University of Connecticut students can now apply to complete a seven-week long course which presents serious topics, such as science and business, in an entrepreneurial context with Accelerate UConn, a project whose mission is to support students who are commercializing new technologies and discoveries.

Students accepted to participate in Accelerate UConn are divided into teams comprised of a diverse makeup of people, which Project Manager Jennifer Murphy said provides a unique opportunity for team members to learn from each other and grow. Each team has different student pairings and a varying number of faculty members advising; some have an industry mentor also working with them to commercialize their new technology.  

Students who find market value potential in their technologies and ideas can apply for the Summer Fellowship Program, an eight-week program that students can complete as a paid internship, Murphy said. The students can receive a maximum of $5,000 from Accelerate UConn’s research fund.

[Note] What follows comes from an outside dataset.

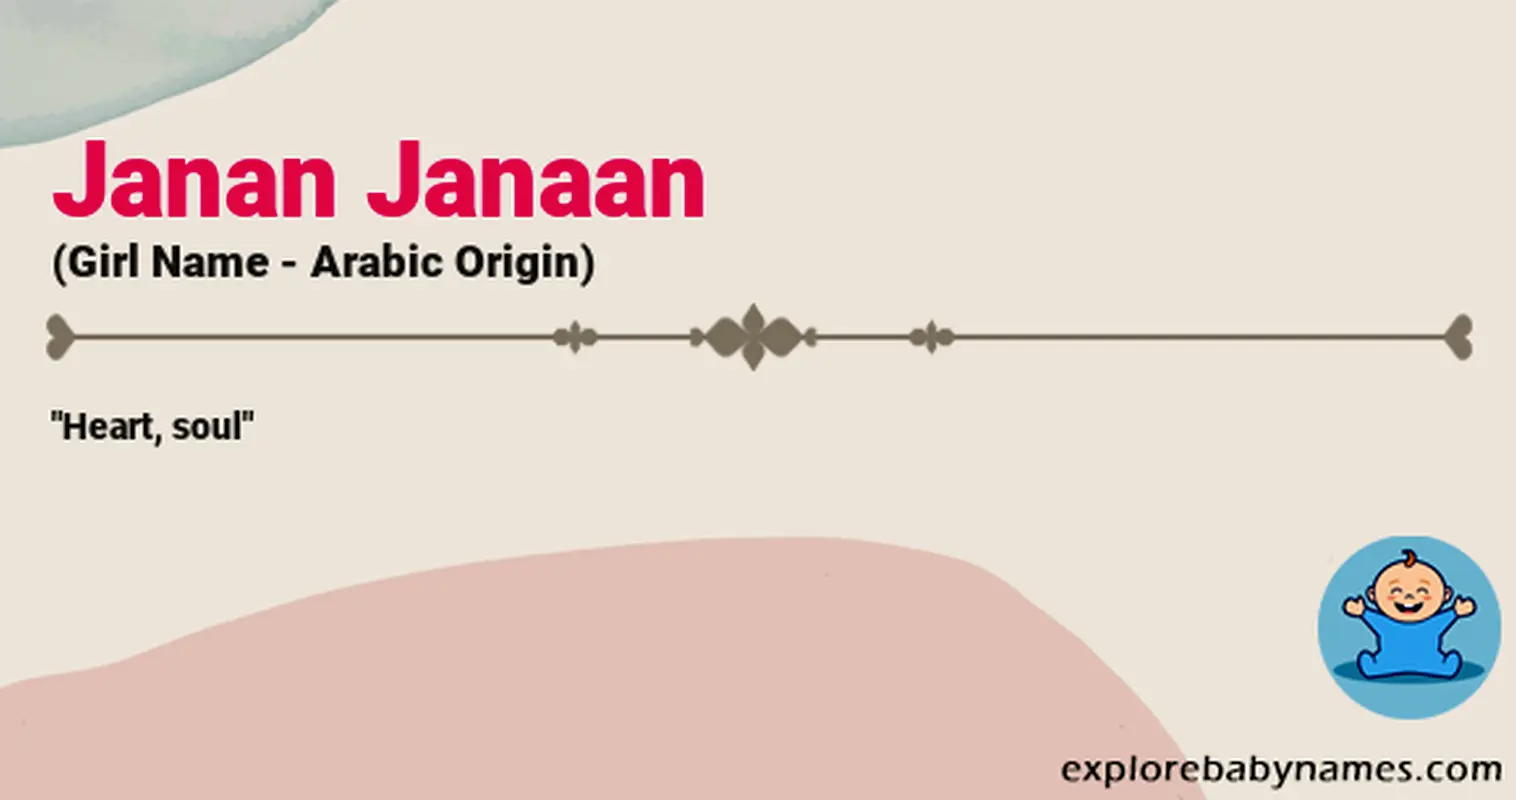 Meaning of Janan Janaan

Students who do not have a specific idea for a new technology, but want to gain experience from this program can join as an entrepreneurial lead, Murphy said.

“(An entrepreneurial lead) joins a particular and previously established research project that is looking for students to go through the program on behalf of that particular research program and that particular faculty member,” Murphy said. “They learn the science side and the business behind it.”

Daniel Yasoshima, a current graduate student who worked in the department of biomedical engineering as a senior, said he joined Accelerate UConn to gain experience in order to help develop his team’s specific technology, the patient bedside communication device.

“(The device) is a more efficient replacement of the call bell system at hospitals,” Yasoshima said.

The device offers various options for patients when they need to call a nurse while in a hospital, nursing home or while undergoing home care, Yasoshima said. UConn Health Services started to use the device this year.

“(The device) really has a wide range of use,” Yasoshima said.

John Campanelli, a graduate student and iConservationist (iConservationism is a field that aims to develop software that will help conserve plant communities) said he joined the program to gain experience in business and entrepreneurship in his field.

“The most important thing I learned from the program is the business aspect of any product,” Campanelli said. “It taught me about business issues I would have just never considered before.”